The building located at 4717 Park Avenue will look like a long-house with a combination of cedar and copper siding wrapping half-way around the construction’s perimetre. (Quinn Bender photo)

The building located at 4717 Park Avenue will look like a long-house with a combination of cedar and copper siding wrapping half-way around the construction’s perimetre. (Quinn Bender photo)

New Kermode daycare, office facility scheduled to open in the fall

The $3-million dollar project will be the city's first First Nations-focused licensed daycare

  • May. 30, 2018 12:00 a.m.

The long-awaited Kermode daycare and office building complex has been given a new name in preparation for its September opening and will operate on a tuition-based model at the start of its operation.

The Tsimshian name Wap Sagayt K’uul Goot, which means “house in one heart”, was chosen in early May by Kermode elders and staff. Cal Albright, executive director of the Kermode Friendship Society, said northwest First Nations culture will be “very much a part” of the daycare.

“There’s no culturally-centered program for aboriginal children in Terrace,” said Albright, pointing out that 40 per cent of the city’s population is comprised of First Nations people. “This is meeting a need for that.”

The $3-million dollar project located at 4717 Park Avenue will house the 37-space daycare with accompanying playground, along with the Kermode Friendship Centre office spaces and commercial kitchen. The 8600 sq.ft. L-shaped building will be the city’s first First Nations-centered licensed daycare.

READ MORE: Daycare to be built in Terrace, B.C.

“This is probably the biggest thing Kermode has done since we started in 1976,” Albright said. “It’s exciting, and staff are all excited about it. It’s going to be filling some gaps in our Kermode service structure in Terrace.”

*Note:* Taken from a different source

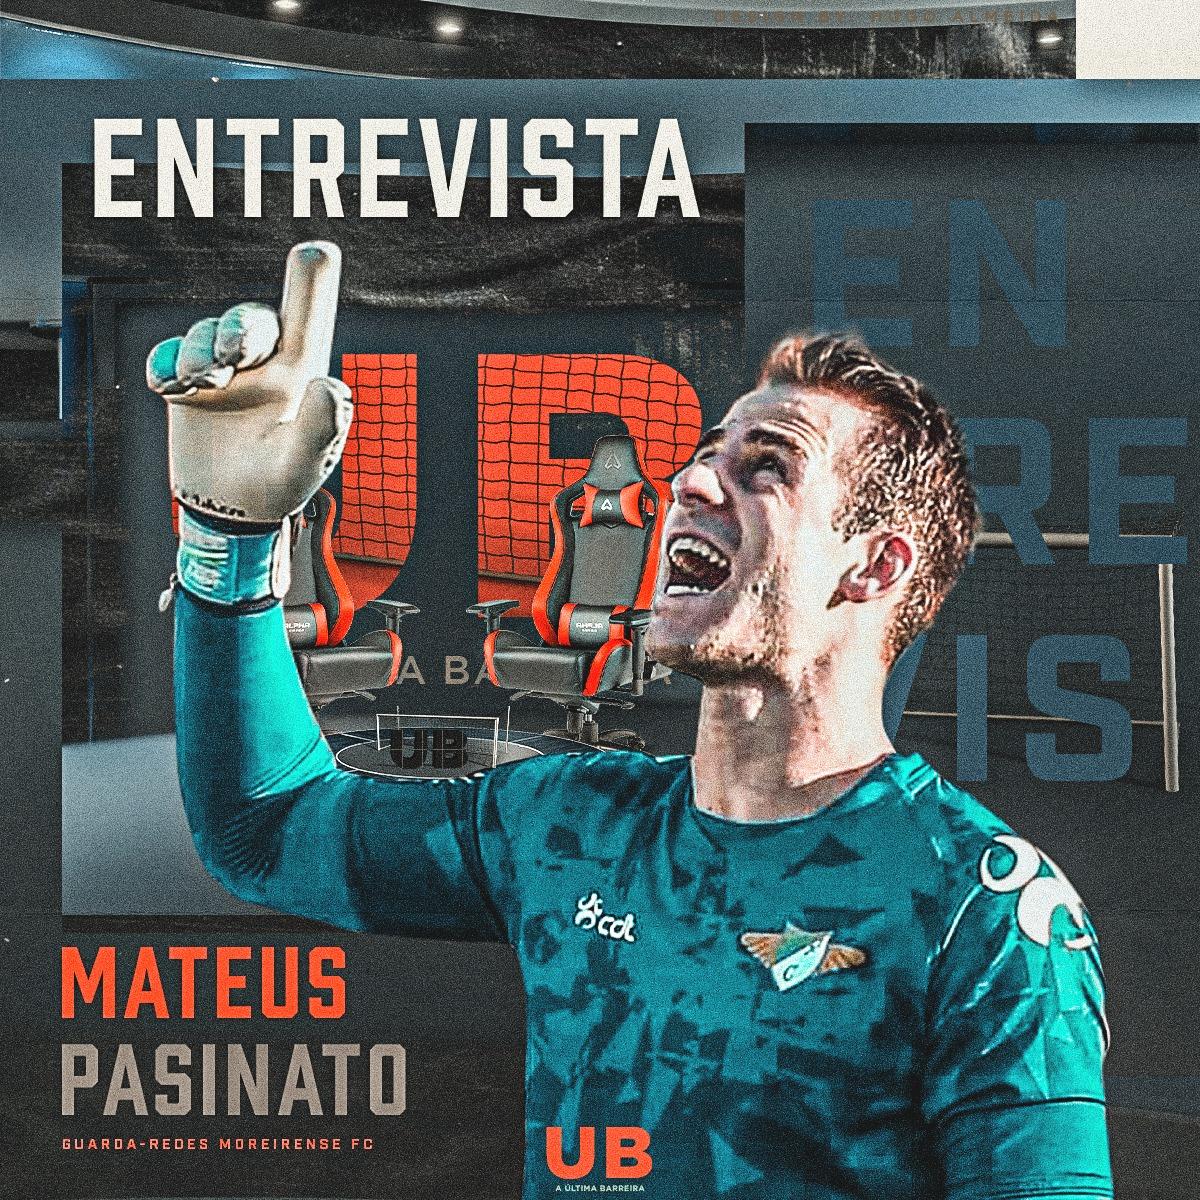 10# Podcast A Última Barreira – Entrevista a Mateus Pasinato (GR Moreirense)

The rates are still a work in progress according to Albright. But if the province’s new Growing Aboriginal Head Start (AHS) grant is successful, the centre would receive $500,000 annually over a 10-year period for First Nations families.

“It could potentially mean a free daycare,” Albright said earlier this month. “We’ve just submitted our application, so we’ve got a ways to go yet.”

Access to free daycare for First Nations children in Canada is important, as the likelihood that a young Aboriginal child will live in and be affected by poverty is high, much higher than that of a non-Aboriginal child in Canada, according to the 2014 BC Aboriginal Child Care Society study, A Cold Wind Blows.

“Poverty, with its attendant risk factors of poor nutrition, high stress and high stigma, has a particularly strong impact on early development,” wrote Dr. Jessica Ball, professor in the School of Child and Youth Care at the University of Victoria, in the report.

Other families will be able to reduce their monthly fees as well with the province’s new Child Care BC fee-reduction initiative, which could save parents with children in the infant toddler program up to $350 a month, and up to $100 a month for those with children aged three to five.

“Our purpose has always been to be an affordable daycare, and with government policy that is coming down, they seem to want to make it affordable as well,” Albright said. “We positioned ourselves pretty good right now.”

READ MORE: Early learning programs for Indigenous kids get $30M boost

The daycare facility at Wap Sagayt K’uul Goot will involve elder leadership and support from aboriginal staff to make northwest First Nations culture implicit in the daycare’s operation. Aboriginal Head Start programs can include family healing support, health services, child welfare and early intervention programs, according to the project’s principles and guidelines.

“We want to be role models for the rest of the community,” Albright said.

The building will look like a long-house with a combination of cedar and copper siding wrapping half-way around the construction’s perimeter, along with bright, multicoloured siding along the back of the exterior where the playground will be built. Three medicine wheels, a commonly shared symbol amongst First Nations groups in Canada, will also be incorporated into the floor designs.

“We’ve had a lot of say in how the building will express itself,” Albright said.

The project is scheduled to house eight new employees and 20 current staff members, now at the Kermode Friendship Centre at 3240 Kalum Street. They hope to move in by July 5 with a tentative opening expected for September 1.